- Boundary within the West Midlands (1984-1994)
- Member state: United Kingdom
- Created: 1984
- Dissolved: 1994
- MEPs: 1

Sources

= Shropshire and Stafford (European Parliament constituency) =

Former European Parliament constituency

Prior to its uniform adoption of proportional representation in 1999, the United Kingdom used first-past-the-post for the European elections in England, Scotland and Wales. The European Parliament constituencies used under that system were smaller than the later regional constituencies and only had one Member of the European Parliament each.

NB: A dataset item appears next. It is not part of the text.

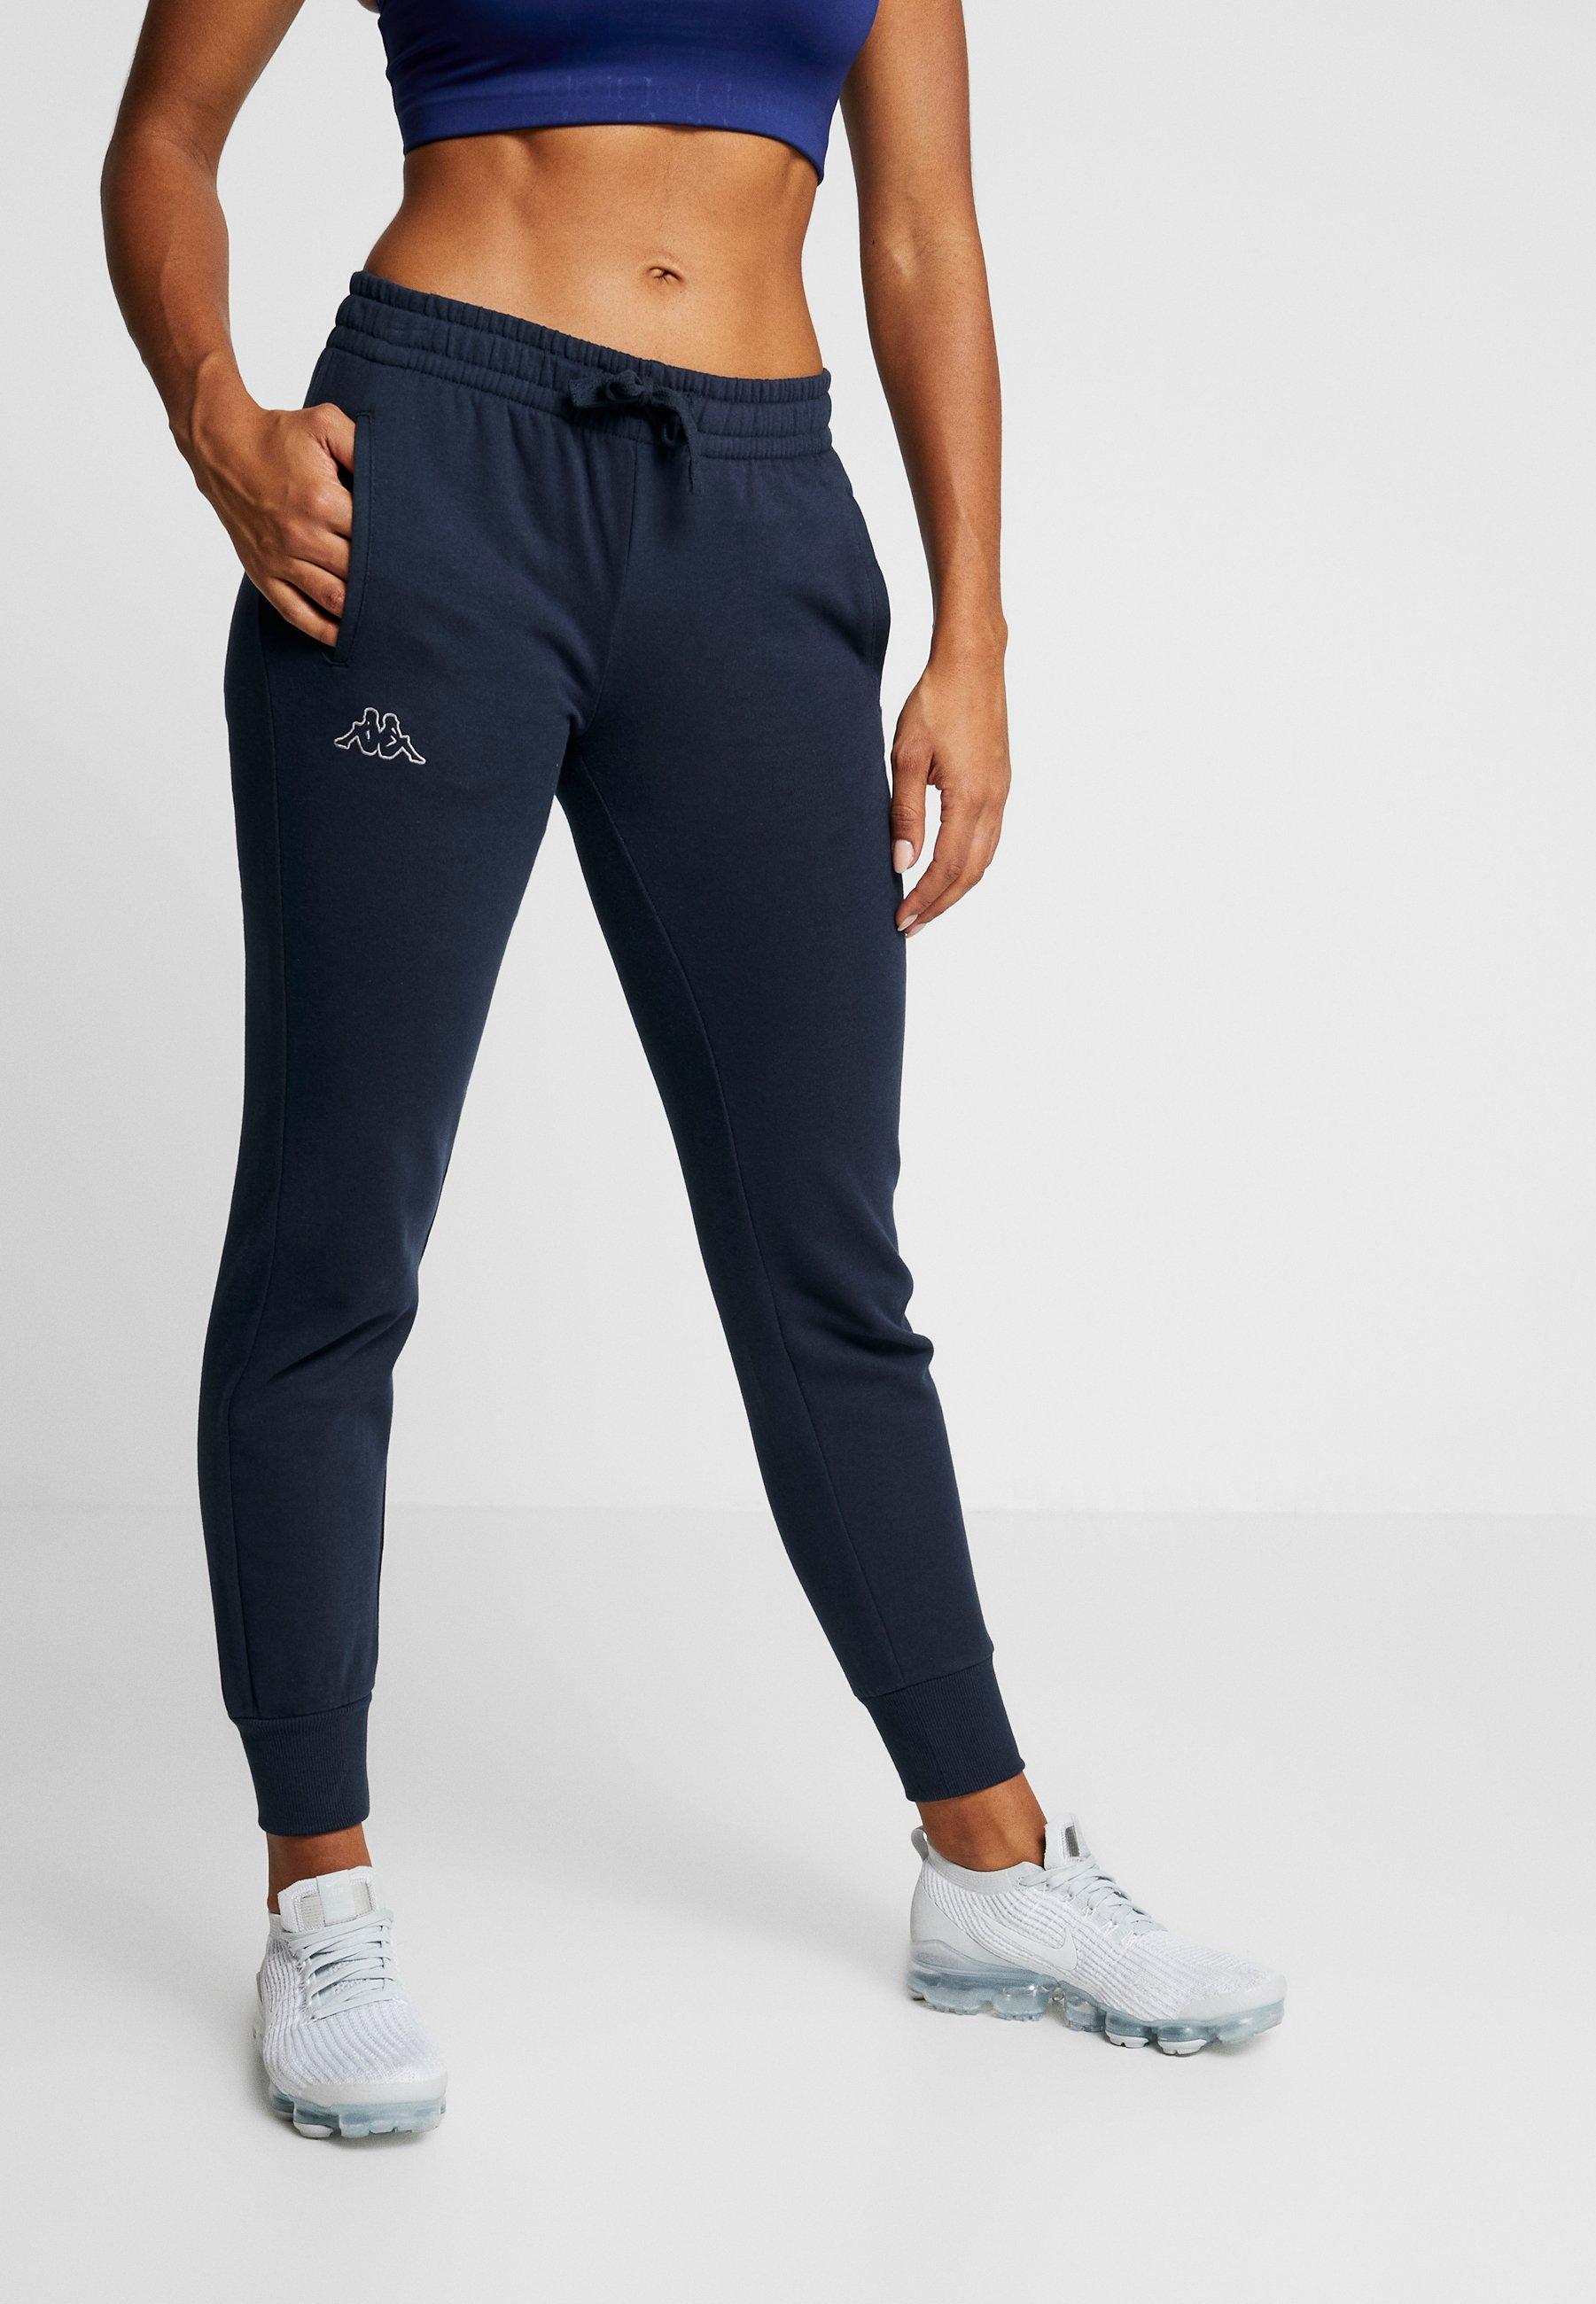 Damen TAIMA PANTS WOMEN - Jogginghose

The constituency of Shropshire and Stafford was one of them.

It consisted of the Westminster Parliament constituencies (on their 1983 boundaries) of Cannock and Burntwood, Ludlow, Newcastle-under-Lyme, North Shropshire, Shrewsbury and Atcham, South Staffordshire, Stafford, and The Wrekin.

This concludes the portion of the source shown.